Open gilbahat opened 2 years ago

gilbahat commented 2 years ago

What Happened?

In the interest of re-enabling the vmware driver for the mac m1 platform, I have tried (manually) booting the minikube arm iso on vmware fusion. it will not boot.

dmesg screenshot: https://imgur.com/a/SWHiRHX dmesg output is only available after removing the console=ttyAMA0 from the boot command line

note that this may also be the reason parallels fails to run, can't say as my parallels trial expired

Attach the log file

n/a

Operating System

macOS (Default)

Driver

VMware

afbjorklund commented 2 years ago

Seems like it can't find the ISO filesystem, but at least it found the EFI and the kernel

search --no-floppy --label EFIBOOTISO --set root

The init (pid 1) is located on the initrd, which is supposed to be loaded by GRUB:

menuentry "Buildroot" {
  linux /boot/bzimage console=ttyAMA0 # kernel
  initrd /boot/initrd # rootfs
}
afbjorklund commented 2 years ago

For the other hypervisors, there were some arm64 problems with SATA vs SCSI

Maybe it is something similar here, vmware using an unexpected CD device ?

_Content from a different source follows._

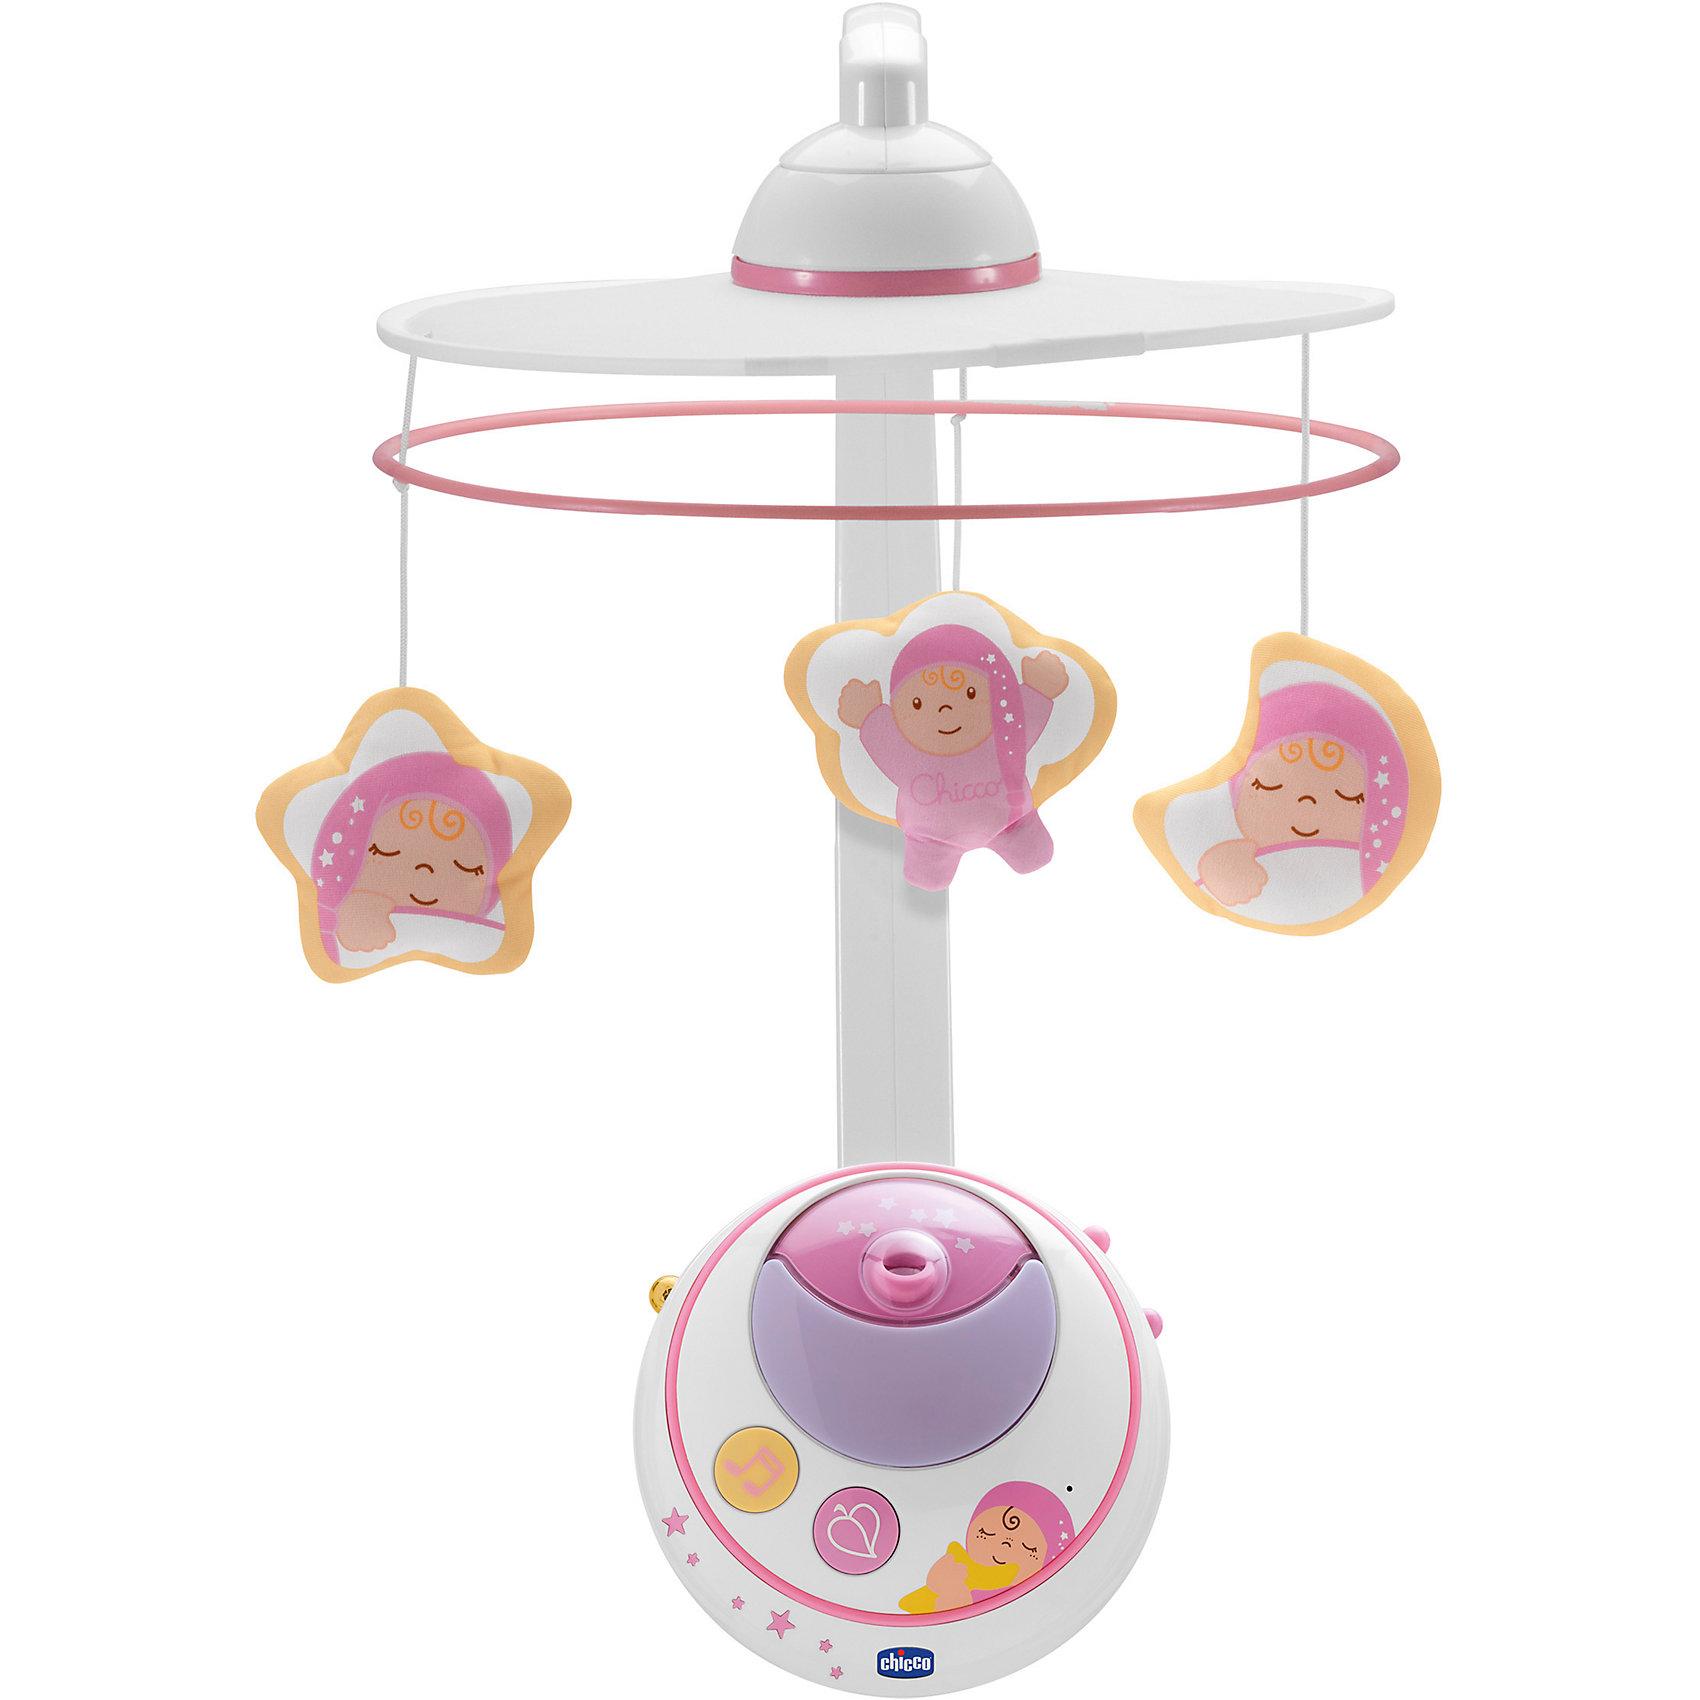 CHICCO Мобиль Волшебные звезды, розовый, с д/у, Chicco мобили chicco подвеска мобиль пчелки 0м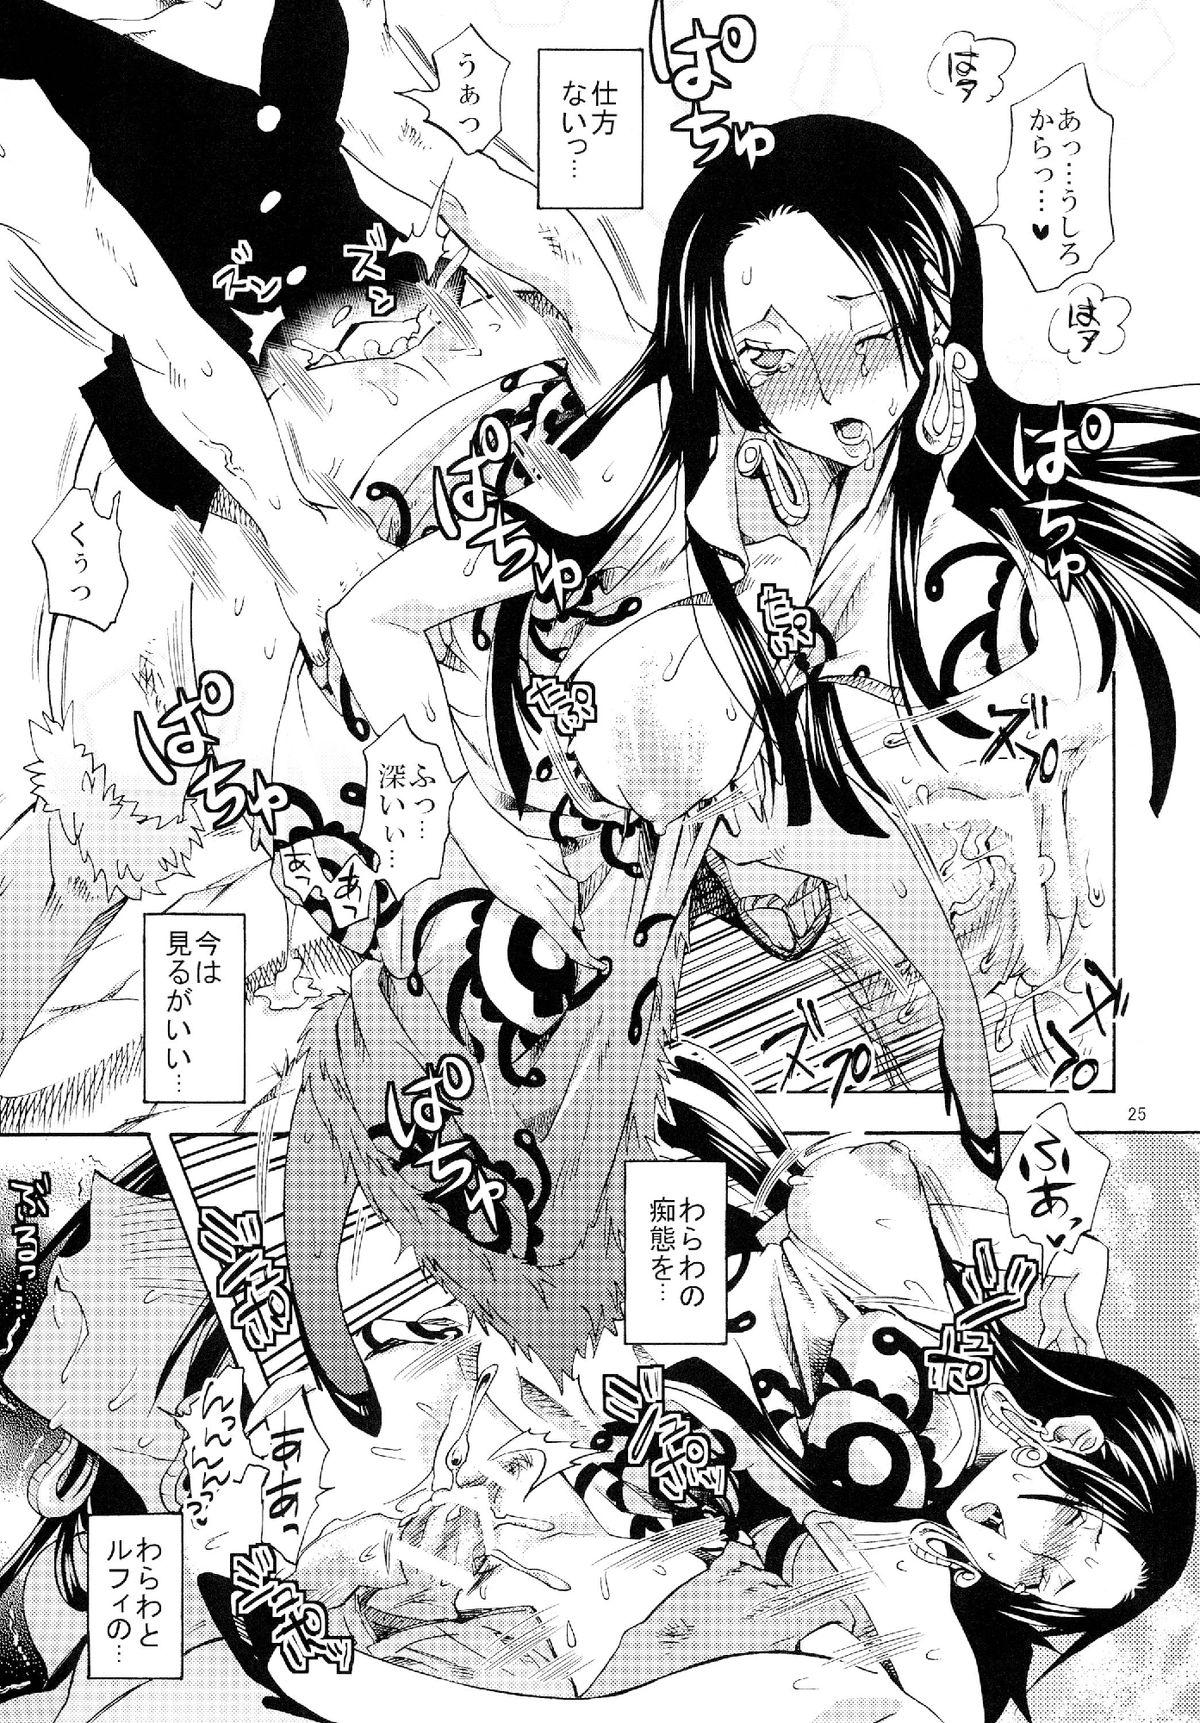 【羞恥・視姦エロ同人誌】爆乳美女の蛇姫が淫らにヨガり沢山の人が見ている前でバックで中出しされちゃうエロ漫画[蛇姫FREAK!総集編(YU-RI/くりおね社)]

Either way, probably needs to be looked into upstream (in driver):

https://github.com/machine-drivers/docker-machine-driver-vmware

afbjorklund commented 2 years ago

You should be able to get commercial support for both vmware and parallels...

But the only open source driver and hypervisor for is currently qemu (with hvf).

gilbahat commented 2 years ago

I doubt docker-machine would be relevant if it fails even without its intervention? it should boot manually before docker-machine has any chance of setting things up correctly

either way:

VMWare fusion offers 2 cdrom device options: scsi and sata scsi doesn't seem to work at all with sata I get this in dmesg: scsi 0:0:0:0 CD-ROM NECVMWar SATA CD00 1.00 PQ:0 ANSI: 5 which appears correct.

testing the device configuration with ubuntu: sata device is identified as 'VMware SATA AHCI Device' with scsi cdrom, ubuntu too refuses to boot.

perhaps the solution is to build the appropriate modules in buildroot (also for parallels)

afbjorklund commented 2 years ago

perhaps the solution is to build the appropriate modules in buildroot (also for parallels)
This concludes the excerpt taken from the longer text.